Они проделывали это уже десятки раз, во всех точках земного шара. Хватило нескольких минут перед картой города в номере Габриеля, и план был готов: маршрут, наблюдательные пункты, пути отступления, страховка, прикрытие. Оставалась последняя проверка: проследовать за Мадлен по улицам Питера и удостовериться, что за ней не следят. И если «хвоста» не будет — забрать ее, сделать так, чтобы она исчезла. Второй раз.

Так и поступили: в два пополудни, в самый светлый питерский день шесть офицеров израильской разведки покинули отель «Астория» и отправились каждый на свой наблюдательный пост по улицам, мимо сказочных церквей и дворцов. Дальше всех добираться предстояло Эли Лавону, ведь именно он должен был засесть неподалеку от подъезда дома, из которого в 14:52 должна была выйти Мадлен — время ей назвал Габриель, велев точно следовать графику, если она хочет исчезнуть. Мадлен пешком пересекла Дворцовый мост, вошла в Эрмитаж со стороны набережной и сразу же проследовала в павильон Моне, где в 15:07 присела на свое обычное место. Через две минуты рядом сел Лавон.

— Пока что все хорошо, — тихо произнес он по-английски. — Теперь слушай внимательно и делай все, как скажу.

***

Мадлен провели через Дворцовую площадь, под Триумфальной аркой, до Невского. В «Литературном кафе» Мадлен выпила кофе с кусочком пирога, потом прошла мимо колоннады Казанского кафедрального собора и сделала несколько покупок в «Заре». В каждой точке на протяжении всего маршрута ей попадался офицер группы. И каждый докладывал Габриелю, что слежки не заметно.
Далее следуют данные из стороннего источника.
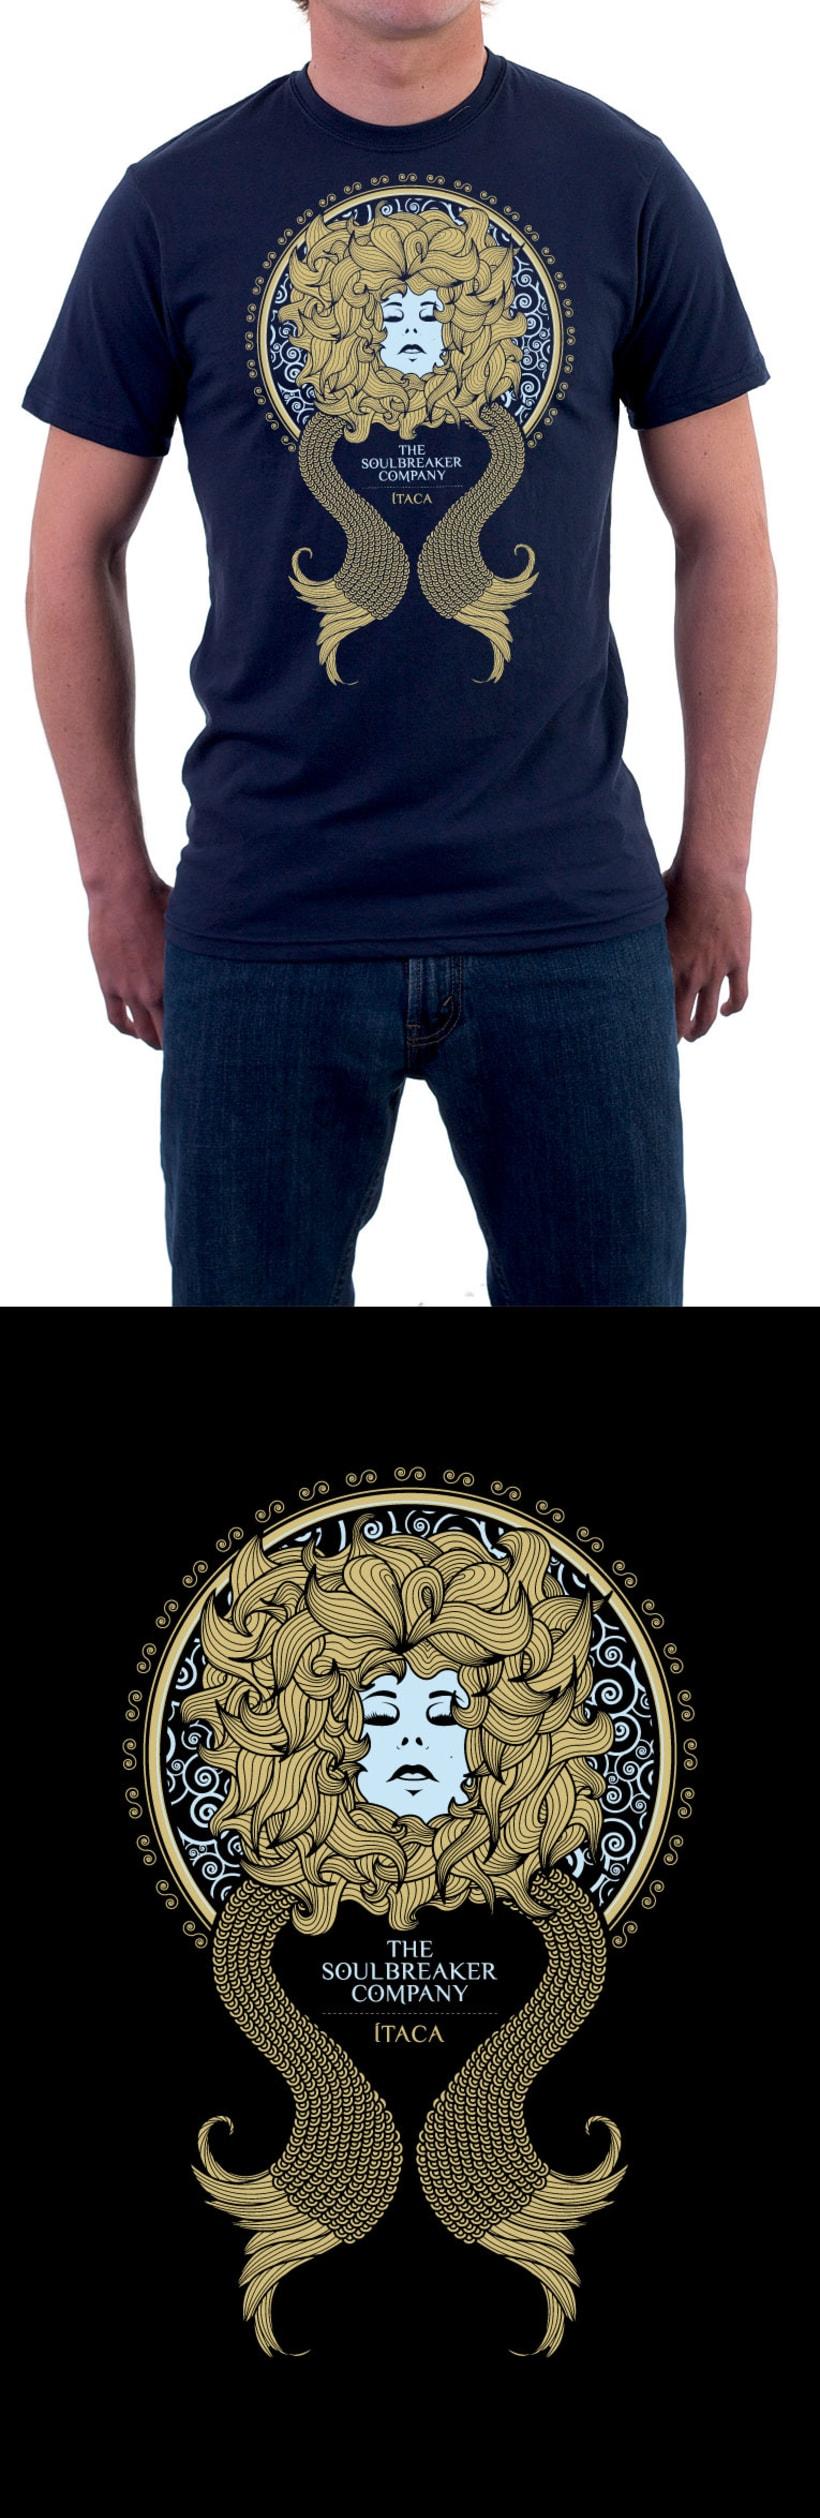 Camiseta The Soulbreaker Company 1

После «Зары» Мадлен направилась к Мойке и, пройдя по венецианским поребрикам, вышла на Исаакиевскую площадь, где с телефоном наготове ждала Дина. Сотовый она прижала к правому уху; если бы прижала к левому — это значило бы, что Мадлен надо пройти мимо. А так ей следовало войти в вестибюль «Астории». В гостиницу Мадлен попала в 15:48; на лифте вместе с Эли Лавоном поднялась на третий этаж. Мадлен разглядывала снег, налипший ей на подошвы; Лавон — богато украшенный потолок кабины. Когда они приехали, Лавон в церемониальном жесте вытянул руку и произнес:

— Только после вас.

Не говоря ни слова, Мадлен скользнула в коридор и сразу направилась к номеру в конце коридора. Дверь открылась, как только она подошла, и Габриель втянул девушку в комнату.

— Кто ты? — спросила она.

— Не могу сказать.

— Куда меня забирают?

— Сама скоро узнаешь.

***

Две минуты спустя на экране в оперативном центре на бульваре Царя Саула статус операции обновился. Узи Навот прочел текст и не поверил глазам. Затем взглянул на Шамрона.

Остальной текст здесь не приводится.